6. Main assets and liabilities that will form each share of the equity in the event of spin-off
Not applicable.
7. Whether or not the Mergers have been or will be submitted to the approval of Brazilian or foreign authorities.
The completion of the Mergers will not subject to approval by the Brazilian or foreign authorities.
8. Share exchange ratio calculated in accordance with article 264 of the Brazilian Corporation Law
Considering the answer to item 4 above, and considering the decision rendered on February 15, 2018 by the Collegiate Body of the Brazilian Securities and Exchange Commission – CVM under SEI Proceeding No. 19957.011351/2017-21, article 264 of the Brazilian Corporation Law does not apply to the Mergers, so that the preparation of the reports referred to in said article will not be necessary.
9. Applicability of withdrawal right and reimbursement amount
There will be no withdrawal right within the scope of the Mergers, since the applicable law limits such right to the shareholders of the absorbed companies, and the Company is currently holder, whether directly or indirectly, of 100% of the capital of the Target Companies. Therefore, there is also no need to talk about dissenting shareholders and, consequently, the amount of reimbursement to the shareholders/quotaholders of the Target Companies as a result of the Mergers.
10. Other relevant information
10.1. Appraisal Report
The equity appraisal reports, prepared in compliance with the financial statements, have as their base date July 31, 2024 (“Base Date”).
The Company’s and the Target Companies’ managers have engaged Apsis Consultoria e Avaliações Ltda., a company enrolled with CNPJ/ME under No. 08.681.365/0001-30, with head office in the City of Rio de Janeiro, State of Rio de Janeiro, at Rua do Passeio, No. 62, 6th floor, Centro, ZIP Code 20021-290 (“Appraiser”) to prepare the appraisal report of the owners’ equity of the Target Companies at their respective book values (“Appraisal Reports”). The appointment and engagement of the Appraiser will be submitted to ratification by the EGM, under paragraph one of article 227 of the Brazilian Corporation Law.

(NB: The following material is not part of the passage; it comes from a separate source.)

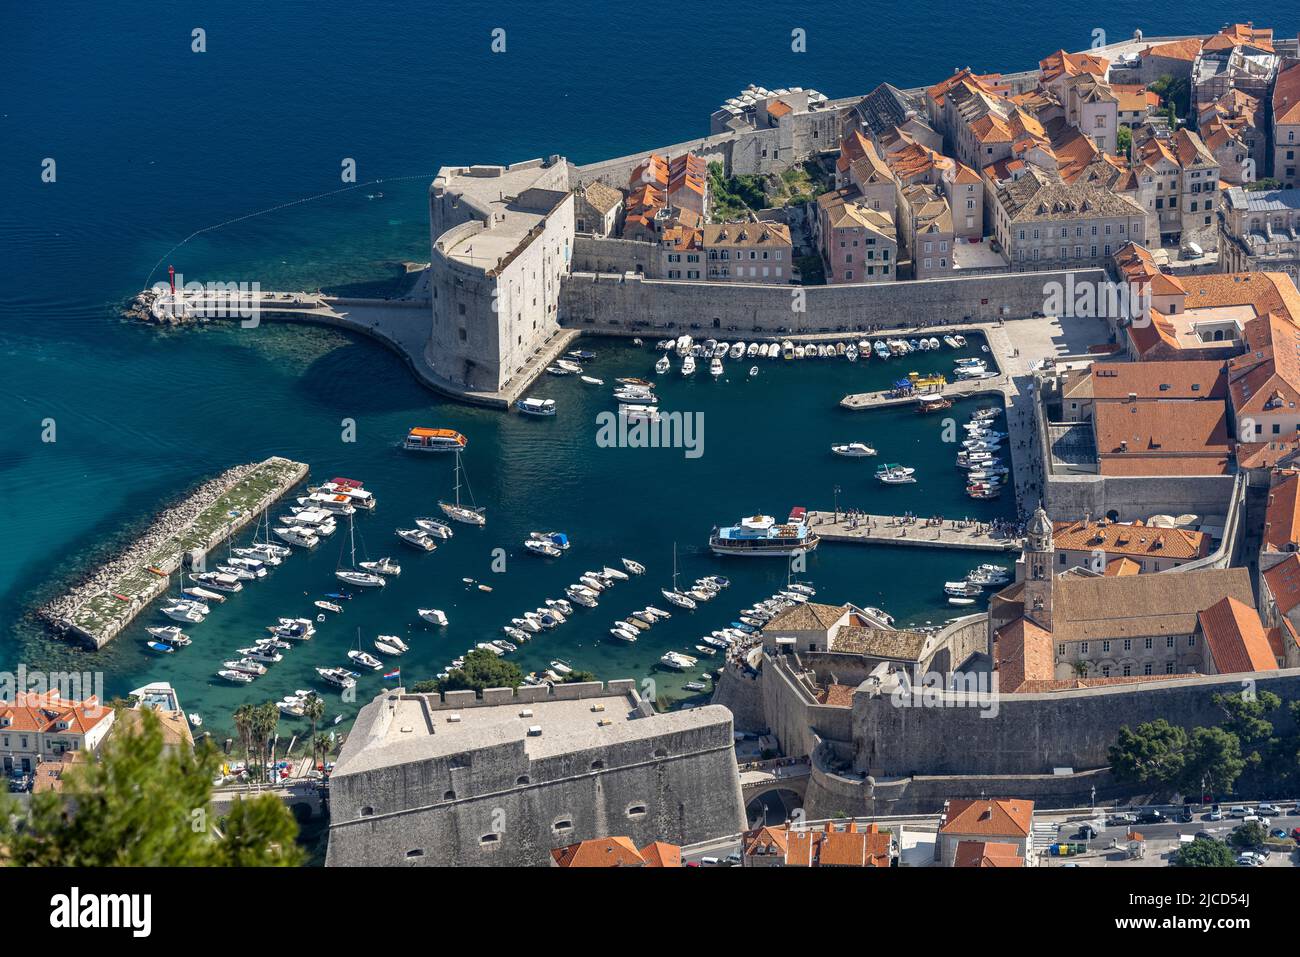 View of Harbor of Old Town from Srd Cable Car Viewpoint, Dubrovnik, Croatia Stock Photo

According to the Appraisal Reports, the sum of the total owners’ equity of the Companies for purposes of the Mergers is two billion, one hundred and twenty-six million, three hundred and forty-three thousand, five hundred and seventy-three reais and ninety-eight cents (BRL 2,126,343,573.98), and this will be the amount to be transferred to Suzano, observed that the individual amount of the net assets of each of the Target Companies in the respective Base Date is:
(i) Timber VII: five hundred and forty-five million, two hundred and forty-five thousand, four hundred and thirteen reais and fifty cents (BRL 545,245,413.50);
(ii) Pradaria: five hundred and forty-five million, one hundred and fifty thousand, six hundred and fifty-six reais and thirty-two cents (BRL 545,150,656.32);
(iii) Timber XX: five hundred and eighteen million, twenty-six thousand, nine hundred and twenty-two reais and forty-four cents (BRL 518.026.922,44);
(iv) Cabeceira: two hundred and forty-one million, forty-five thousand, seven hundred and twenty-five reais and eleven cents (BRL 241,045,725.11);
(v) Frigg Florestal: two hundred and seventy-six million, eight hundred and seventy-four thousand, eight hundred and fifty-six reais and sixty-one cents (BRL 276,874,856.61);
10.2. Disclosure of documents
The Protocol and Justification, Management Proposal for the EGM and the Appraisal Reports prepared for purposes of the Mergers, will be made available to the shareholders of the Company, as of the date hereof, at the head office of the Company, at the Investor Relations website of Suzano (ri.suzano.com.br), as well as at the websites of CVM (www.cvm.gov.br ) and B3 S.A. – Brasil, Bolsa, Balcão (www.b3.com.br).